_What is required_: A faithful, word-for-word copy of the data below is required, without pictures.

_Given material_:
====
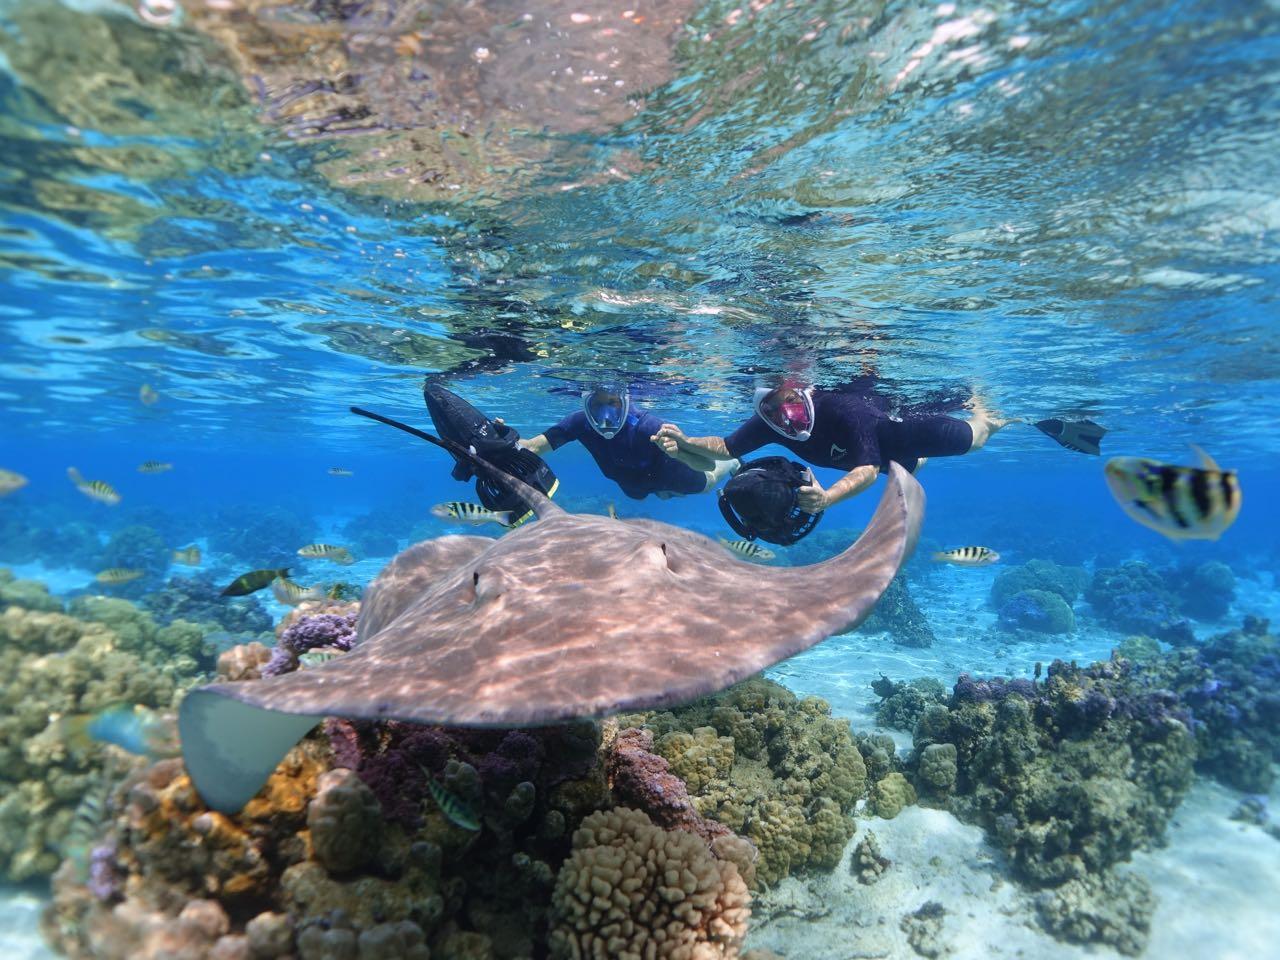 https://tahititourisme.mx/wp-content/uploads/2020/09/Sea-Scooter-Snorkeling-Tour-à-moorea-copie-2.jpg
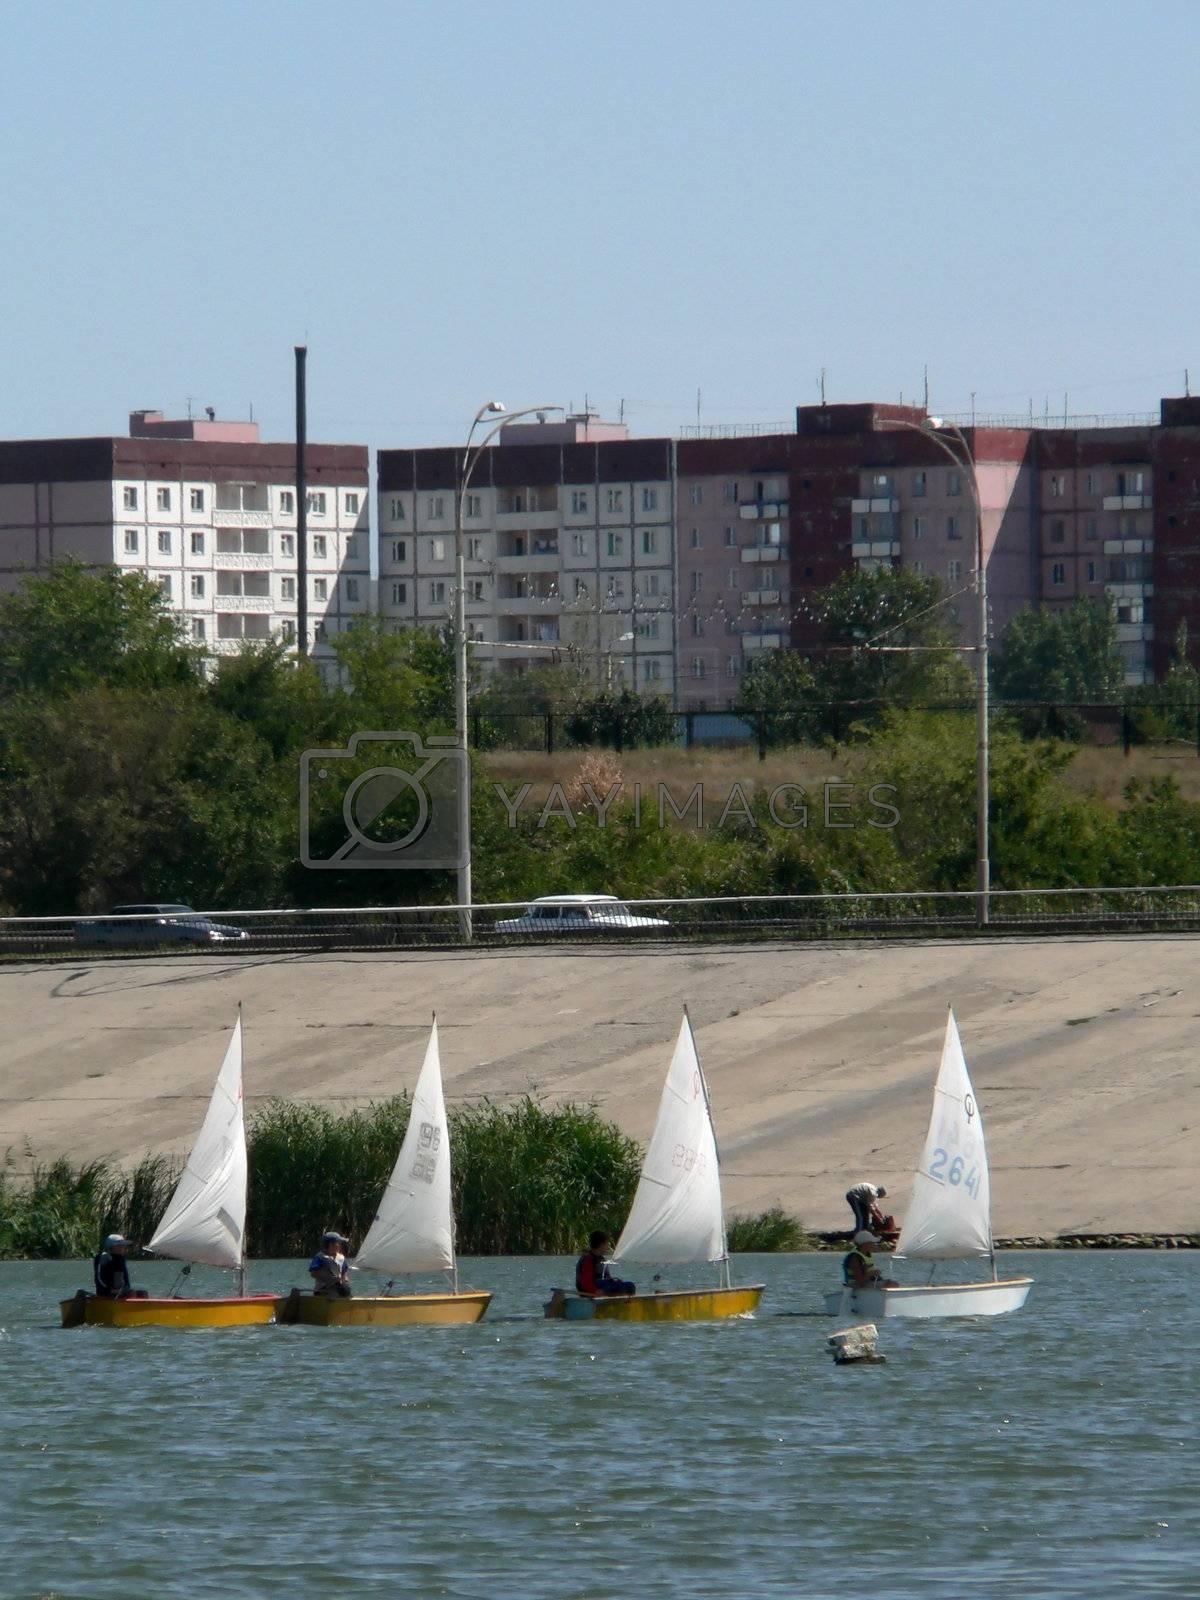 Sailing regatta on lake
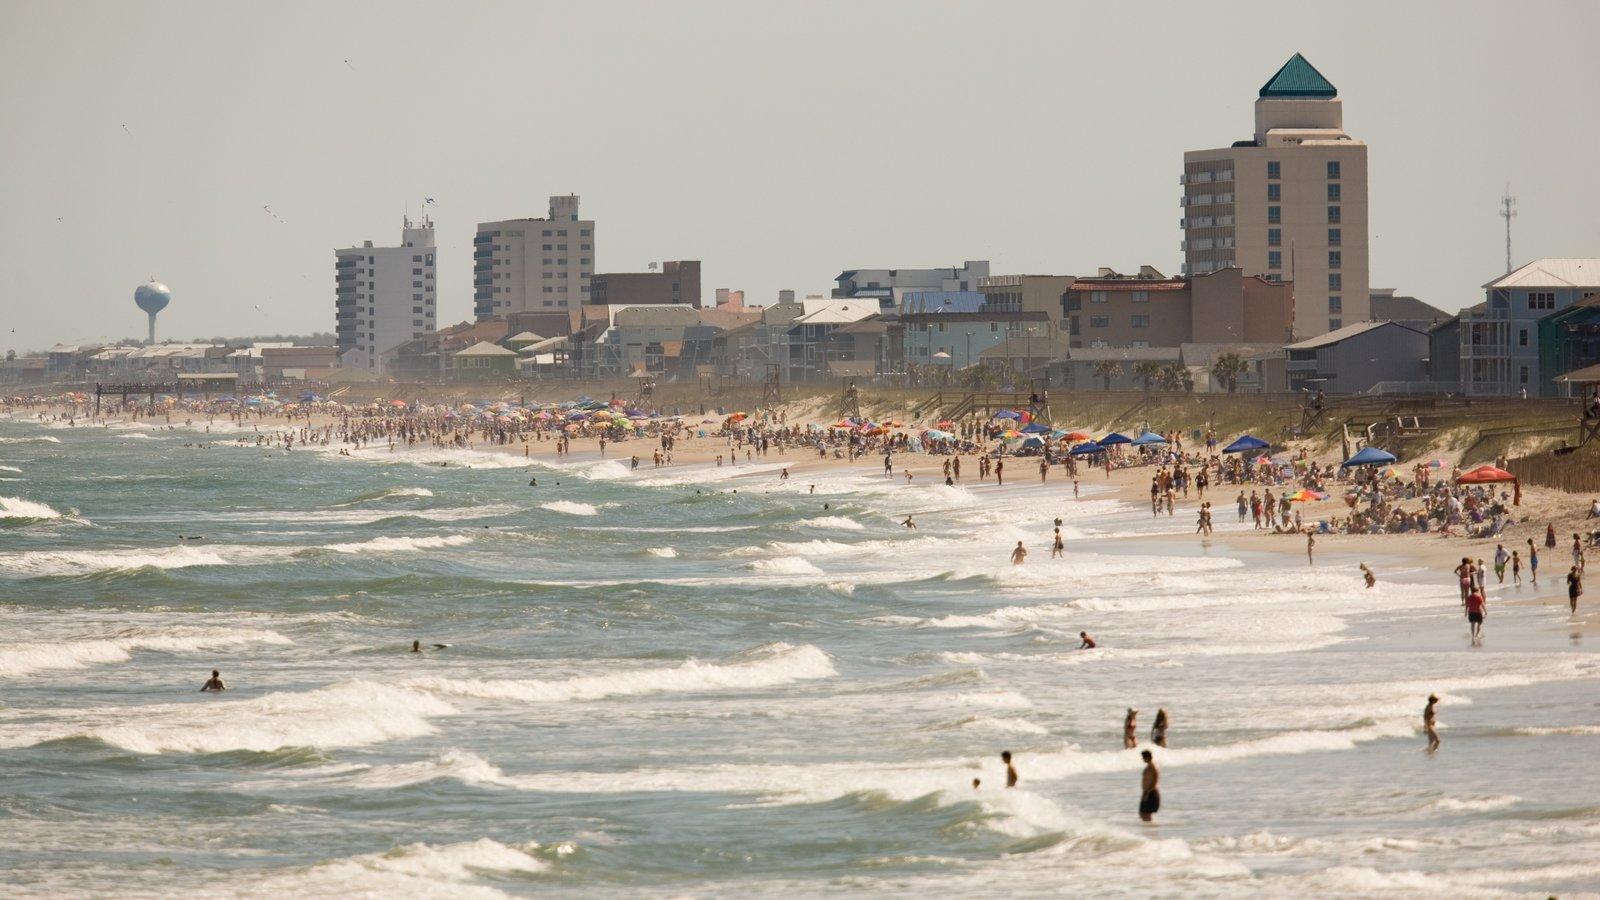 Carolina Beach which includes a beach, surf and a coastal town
====
_Answer space_:
 https://tahititourisme.mx/wp-content/uploads/2020/09/Sea-Scooter-Snorkeling-Tour-à-moorea-copie-2.jpg
 Sailing regatta on lake
 Carolina Beach which includes a beach, surf and a coastal town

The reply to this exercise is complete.